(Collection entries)
##########

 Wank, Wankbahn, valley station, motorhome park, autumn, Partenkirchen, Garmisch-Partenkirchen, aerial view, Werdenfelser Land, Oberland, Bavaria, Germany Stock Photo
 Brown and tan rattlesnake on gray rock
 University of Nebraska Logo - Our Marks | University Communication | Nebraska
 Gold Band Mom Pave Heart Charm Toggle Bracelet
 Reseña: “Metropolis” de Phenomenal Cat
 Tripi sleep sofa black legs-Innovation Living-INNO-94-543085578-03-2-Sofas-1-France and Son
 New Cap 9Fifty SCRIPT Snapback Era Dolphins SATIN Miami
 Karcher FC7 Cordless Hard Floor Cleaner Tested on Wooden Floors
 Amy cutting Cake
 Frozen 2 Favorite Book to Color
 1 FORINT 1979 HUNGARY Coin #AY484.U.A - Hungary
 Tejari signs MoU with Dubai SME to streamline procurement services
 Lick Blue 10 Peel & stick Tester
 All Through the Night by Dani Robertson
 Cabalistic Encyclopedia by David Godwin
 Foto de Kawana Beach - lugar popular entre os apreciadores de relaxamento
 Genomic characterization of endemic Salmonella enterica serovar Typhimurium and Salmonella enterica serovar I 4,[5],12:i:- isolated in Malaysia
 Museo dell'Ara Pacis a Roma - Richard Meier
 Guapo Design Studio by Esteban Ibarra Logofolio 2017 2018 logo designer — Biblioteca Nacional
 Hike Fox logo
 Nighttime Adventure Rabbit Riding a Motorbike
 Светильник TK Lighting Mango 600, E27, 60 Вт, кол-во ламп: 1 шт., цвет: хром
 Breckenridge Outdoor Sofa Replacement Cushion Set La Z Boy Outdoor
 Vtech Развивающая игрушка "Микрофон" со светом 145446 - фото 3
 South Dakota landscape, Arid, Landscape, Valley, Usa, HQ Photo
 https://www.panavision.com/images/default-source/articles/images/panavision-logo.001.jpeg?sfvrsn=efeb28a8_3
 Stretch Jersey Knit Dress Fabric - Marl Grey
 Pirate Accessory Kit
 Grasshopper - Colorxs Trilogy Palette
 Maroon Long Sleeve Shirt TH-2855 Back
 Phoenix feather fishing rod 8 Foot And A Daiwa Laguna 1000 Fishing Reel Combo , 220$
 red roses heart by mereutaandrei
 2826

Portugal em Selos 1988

##########

* TASK REQUIREMENTS *
Your task is to copy every line in the entries that holds the string "Photo".

* TASK RESPONSE *
 Wank, Wankbahn, valley station, motorhome park, autumn, Partenkirchen, Garmisch-Partenkirchen, aerial view, Werdenfelser Land, Oberland, Bavaria, Germany Stock Photo
 South Dakota landscape, Arid, Landscape, Valley, Usa, HQ Photo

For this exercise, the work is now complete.